Crossing the South Pole to estimate sea level rise
6 December 2019 | Written by La redazione
A team of French and Italian researchers will travel more than 1300 km in the freezing Antarctic plain to collect data on rising sea levels
From December 5, 2019, to January 25, 2020, a group of researchers will attempt a venture as dangerous as it is important: they will cross 1318 km of ice and snow between round trips to collect data on the melting of polar ice. Organized by the French Polar Institute, IPEV, with the collaboration of the National Research Program in Antarctica, PNRA, the expedition will depart from the Italian-French Concordia station towards South Pole, in order to estimate the increase in sea levels through the study of climatic archives, or the “carrots” of snow extracted from the Antarctic plateau.
The importance of Antarctica for the climate crisis. Antarctica plays an important role in the climate issue: on the one hand, being an extreme environment with delicate balances, the changes caused by global warming could suffer more, on the other hand, these same changes could lead to a worsening of the situation on a global level. The melting of the Antarctic glaciers, which unlike those of the North Pole rest on a real continent, would be one of the major factors in raising the sea level. Accelerated melting of the polar cap has already been detected by the scientific community, especially in coastal areas, but according to some models of atmospheric circulation, the heating could also be accompanied by more intense rainfall on the white continent. If this hypothesis were true, then the contribution to the rise of the seas by the Antarctic ice may be less impactful than expected.

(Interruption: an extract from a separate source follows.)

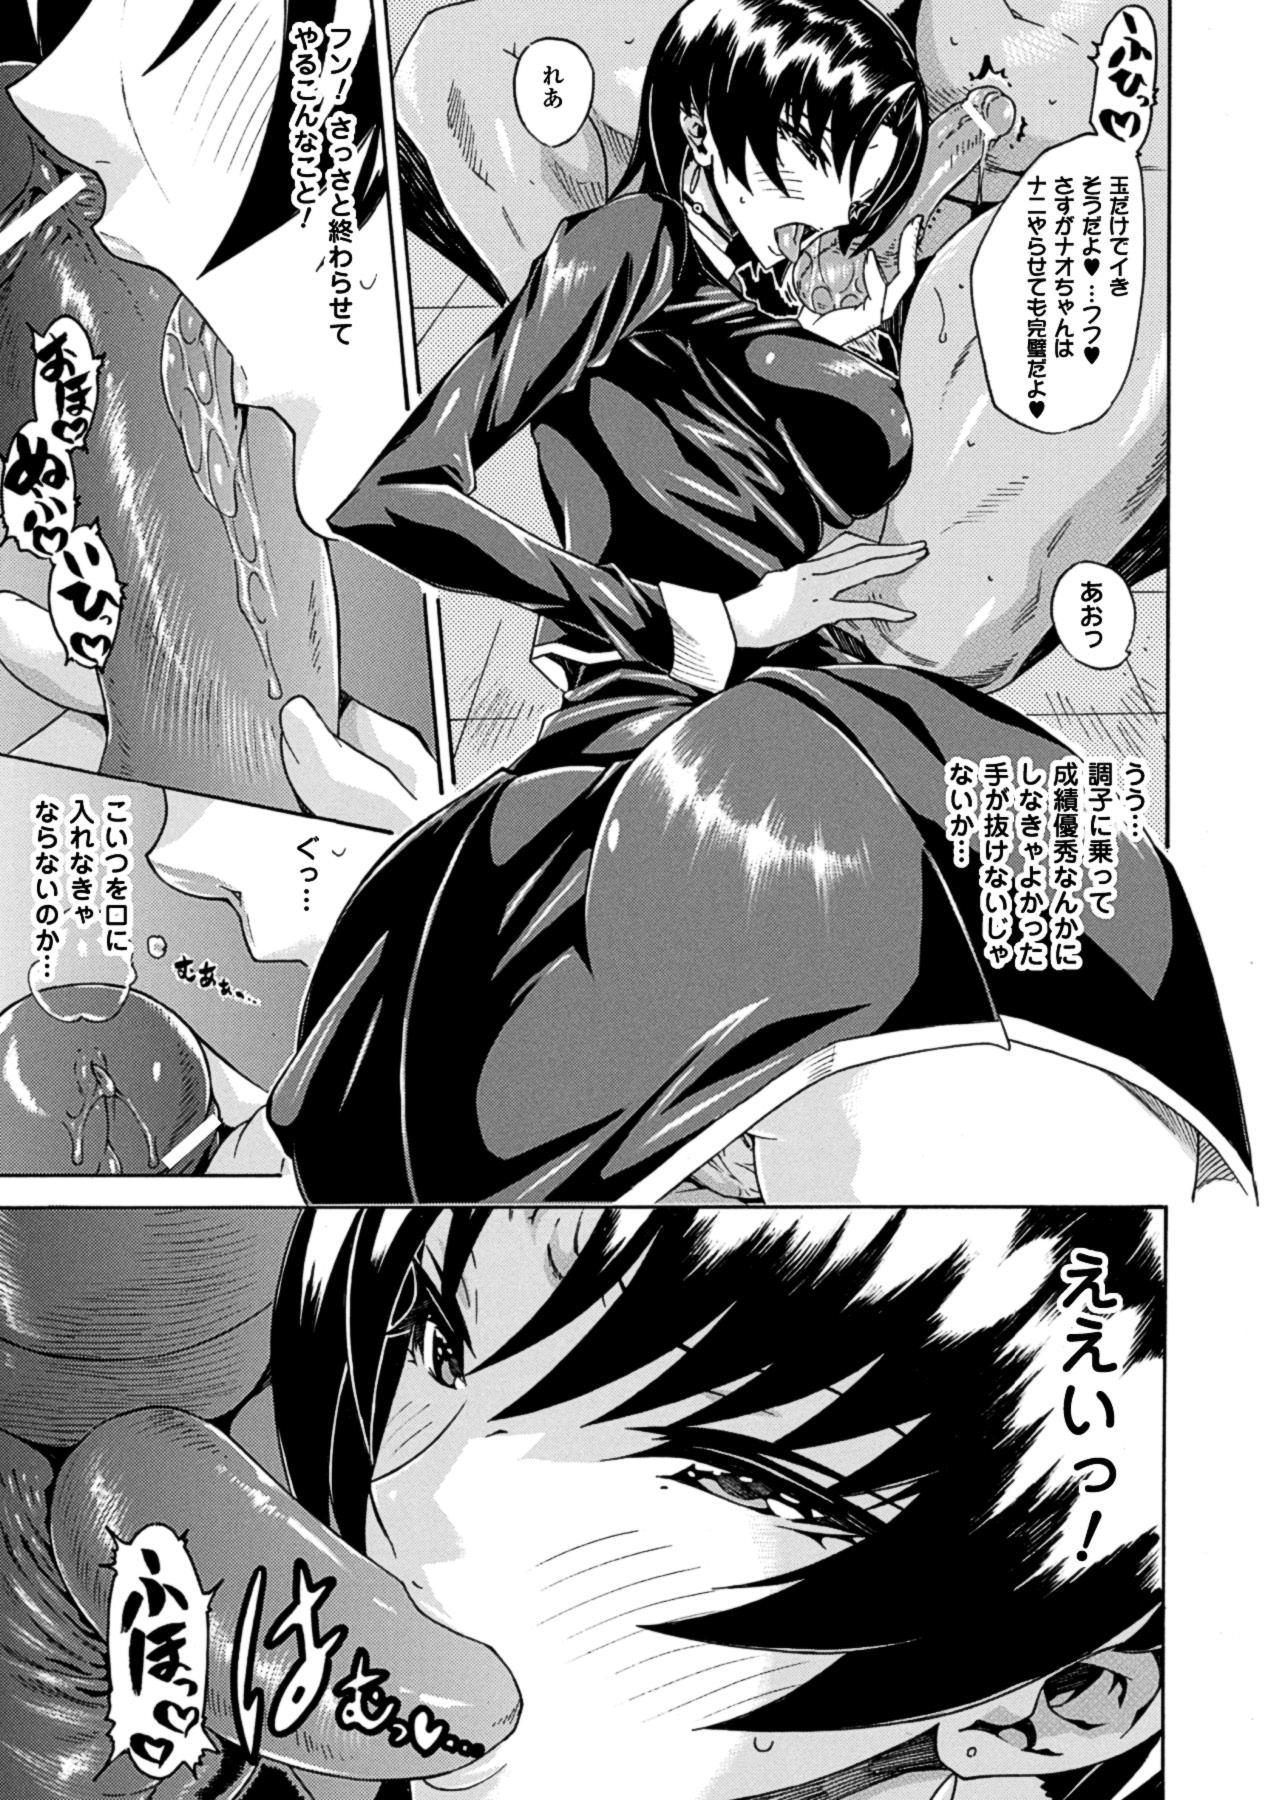 Megami Crisis 10 160

The expedition will try to verify this hypothesis by accurately measuring the accumulation of snow in one of the most extreme areas of the planet, with temperatures that will be between -25 ° c and -45 ° c. The journey will be completed thanks to a convoy of heavy vehicles that will cover 1318 km in 50 days at a speed of 8 km / h. At each stage, scientists will take samples of snow and ice cores and make radar profiles to study the overlap of the various layers of snow. In addition, automated tools (weather stations, GPS stations, and seismic stations) will also be installed, in order to obtain a record of the seasonal pattern of ice and rainfall in the various sites visited. These ground measurements will then be correlated with satellite data and supplemented by laboratory studies.